Hugo Charlton (Graham Bash & Co) for the applicant.
MR JUSTICE HENRY said that the justices, in pursuance of their statutory power to inquire into the debtor's means and as to whether her failure to pay community charge was due to her wilful refusal or culpable neglect, had called the applicant into the witness box. But she would not answer their questions for three reasons.
(1) She had prepared her case with the assistance of a friend and wanted her friend to advise her and assist her in court, but the friend had been refused entry to the court.
(2) She had been denied the opportunity to cross-examine the local authority's principal recovery officer on the evidence he had given the justices as to the steps taken by the authority to recover community charge.
(3) She wished to challenge her obligation to answer questions put to her and to address legal argument to the court on her entitlement to rely on the privilege against self-incrimination.
The justices took the view that since the procedure under regulation 41 was merely a means inquiry and involved no point of law, there was nothing on which the friend could assist and no relevant questions to be put to the recovery officer.
On the first issue it was clear, in his Lordship's judgment, following R v Leicester City Justices, ex p Barrow (1991) 2 QB 260, that a litigant in person was entitled, in the interests of fairness, to have the assistance of an adviser in court, unless, in the interests of justice and to maintain order and regulate the proceedings, the court ordered otherwise. The mere fact that the proceedings were, in the court's view, simple and straightforward was not a reason for denying such assistance.

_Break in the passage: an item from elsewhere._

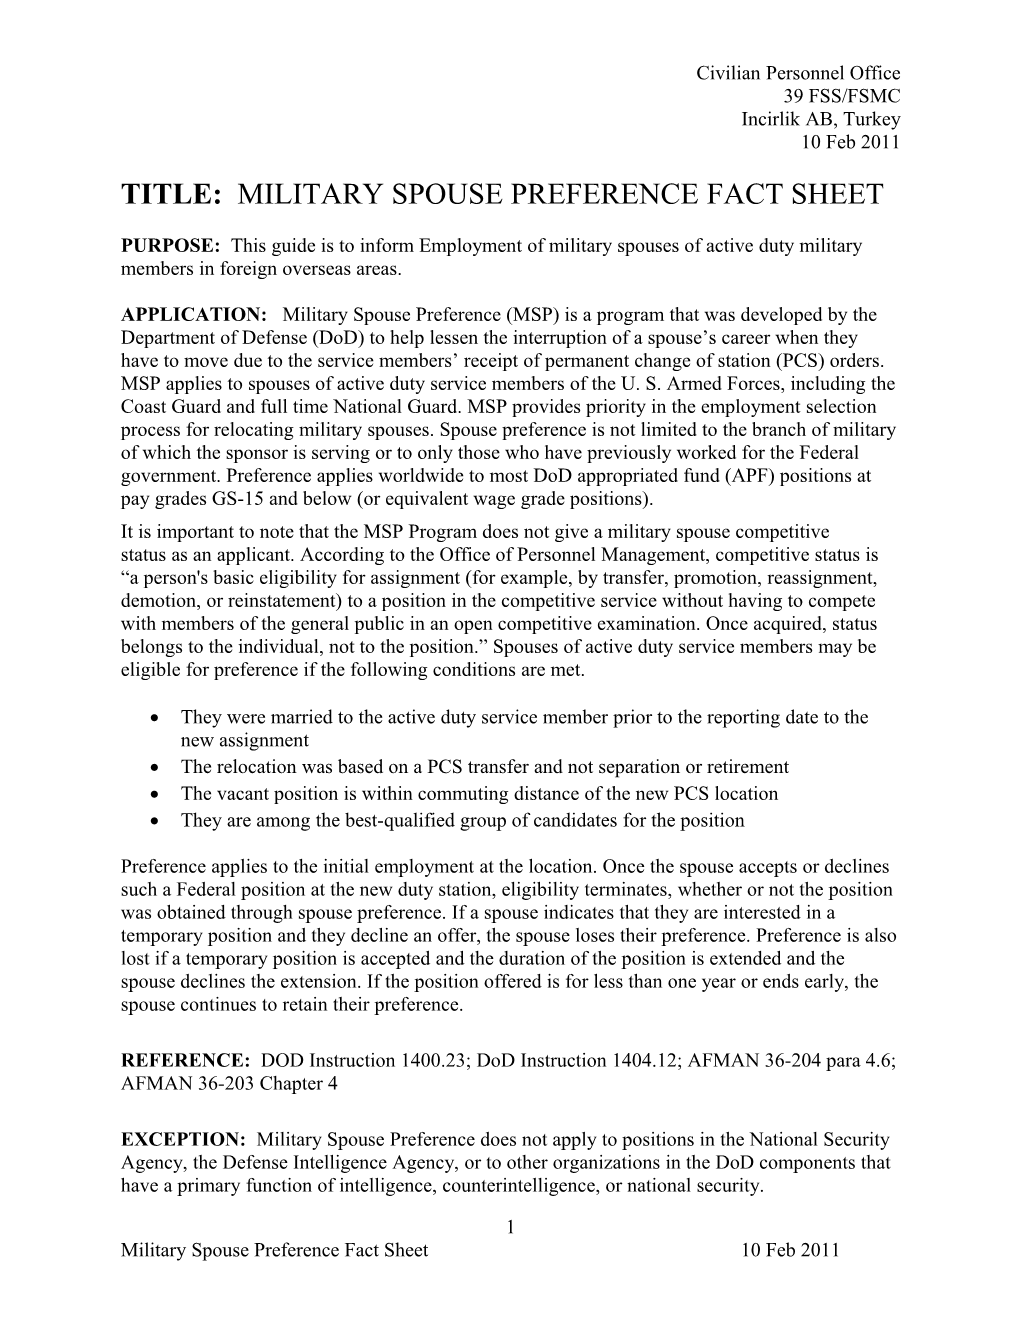 Title: Military Spouse Preference Fact Sheet

On the second question, although the applicant could not reopen the issue of her liability to pay, a liability order having already been made in earlier proceedings in which she had an opportunity of challenging it, the present proceedings were more than just a means inquiry. The justices had to be satisfied that the charging authority had attempted to levy distress and had found insufficient goods on which to levy it, and as to the precise amount still outstanding and whether anything had been paid since the liability order. These things had to be proved, and were susceptible to challenge by cross-examination.
As for the third (and most important) question, the Common Law privilege against self-incrimination was now set out in section 14 of the Civil Evidence Act 1968, which was declaratory of the Common Law. See Re Westinghouse Electric Corporation (1978) AC 547 at 636 (per Lord Diplock).
Section 14 read: '(1) The right of a person in any legal proceedings other than criminal proceedings to refuse to answer any question . . . if to do so would tend to expose that person to proceedings for an offence or for the recovery of a penalty (a) shall only apply as regards criminal offences under the law of any part of the United Kingdom and penalties provided for by such law . . .'
That was quite clear, as was its application. Proceedings under regulation 41 were plainly legal proceedings other than criminal proceedings, since they were proceedings for the recovery of unpaid tax. The applicant's answers as to her means and as to why she had not paid would not expose her to proceedings for a criminal offence, because it was no crime not to pay the poll tax, any more than it would have been not to pay rates.
In this context, moreover, 'penalty' clearly meant something in the nature of a fine provided for by statute: see Re Westinghouse (above) at 563-565. There was no provision in regulation 41 for the imposition of any such penalty.
It followed that the privilege against self-incrimination had no relevance to questions asked in civil proceedings for the recovery of unpaid tax. It would not have provided the applicant wih a 'just excuse' under section 97(4) of the Magistrates Courts Act 1980, and she would have been vulnerable, under that section, to be committed into custody for her refusal to give evidence.
Although she should have been allowed to argue this point before the justices, since it would clearly fail it was not right now to order the justices to hear it. Nor was it necessary, having set out the law, to order the justices to permit the applicant the assistance of her friend.